Monday, 6 September 2010

Beautiful Baby Competition

Please tell me it's pretty, please don't tell me it's ugly. Look, the ears are symetrical and the eyes are such a pale blue. The hair is so fine and blonde and the skin so soft and pink. The sentences are balanced, the words well chosen and the plot finely honed. Please tell me you like it.

For years I have been telling my students that sending out short stories for publication is like showing your baby to the world and asking for kindness. Your writing is so personal, and so close to your heart, that sending them out is like leaving your baby at the creche for the first day and hoping the other children will play with them.

Okay, maybe I'm going a little over the top, but it is nerve wracking!

In the last couple of weeks I have had a story I am particularly fond of rejected. Entitled 'Palimpsest' it was written as a flash fiction, but then honed to make sure all the layers could be read, one through the other. I sent it out in Februrary and it has only just come back, so - with so long to dwell on it - I had innured myself to the possibility of disappontment.
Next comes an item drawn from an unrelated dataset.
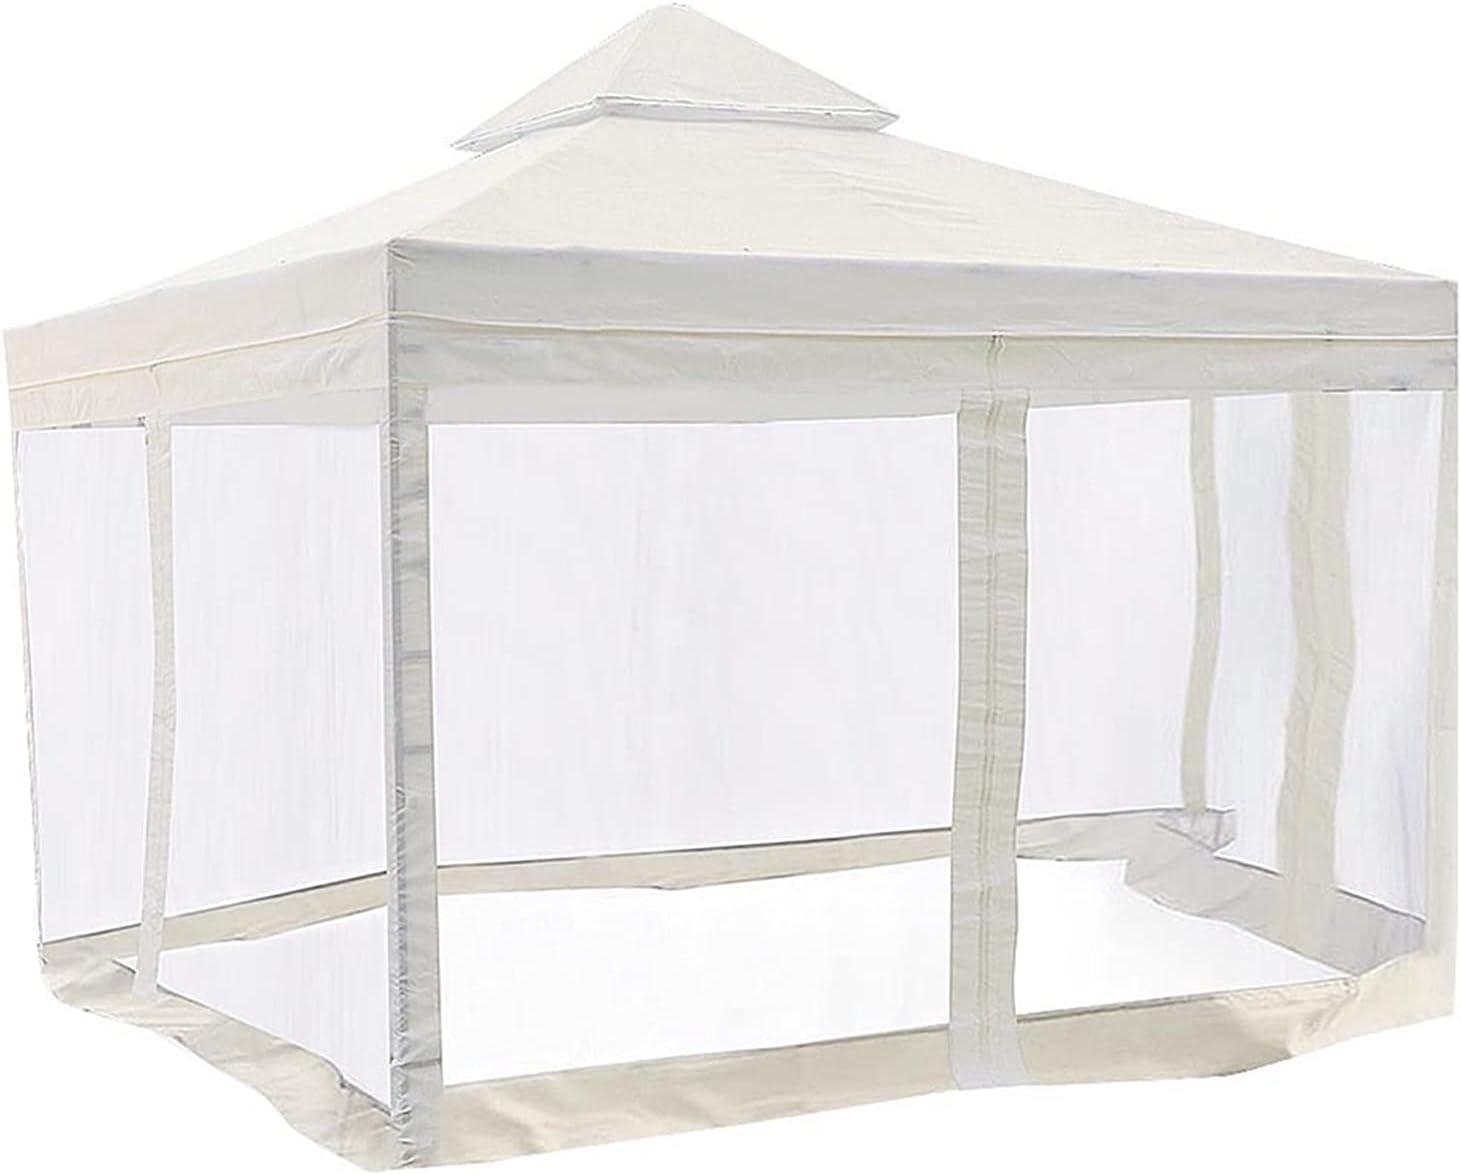 SRAMO 10'x10' Gazebo Tulsa Mall Canopy Replacement 2 Tier 200g UV30+ sqm 2021 model Pa

It still stings, as all rejections do.

However, at almost the same time the lovely people at Bugged - the eavesdropping project I have waffled on about in previous posts - have accepted a different story, also written as flash fiction and entitled 'The Four' for publication in their anothology which comes out in mid-October. And that eases the sting and warms the heart. They liked my child enough to put his photo in the gallery!

Surrounding these two events I have been researching and reading and editing and rewriting and sending out stories to a variety of places. Over a dozen have gone out in the last week. I know most of them will come back to me to be sent out once again for adoption. But some of them - I hope! - will find good homes where they can grow and prosper. I will, of course, keep you posted.

In amongst all this story work, I have also been working on my novel. I have re-read it, and given it to my girlfriend to read and comment on too (Thanks, Kath!). If you think it's bad having someone read a story, ask them to read a novel. This is far more personal than asking for compliments for your baby. This is asking for your soul to be evaluated. Thankfully, it seems to pass muster (the book, that is, I can't comment on my soul), and now I am onto the work of rewriting and reworking into the second draft. After that, and maybe some more tinkering, it will be time to send that out into the world too. You'll know when that happens as I will be online every five minutes, sharing my worries.

Sometimes I ask why I put myself through this torment, but it's the age old thing. If I write a story and show it to no-one then it might as well not have been written. Only when a story is shared and read does it really exist. And so, it's not so much sending the child out into the world, having a manuscript accepted is the very act of birth itself, giving life to something new.

So, I shall go back to my gestation and let you know as and when the brood increases. I shall push and I shall do my best to remember my breathing. If you'll just hold my hand, mop my brow, and ignore the screams, I think we can get through this.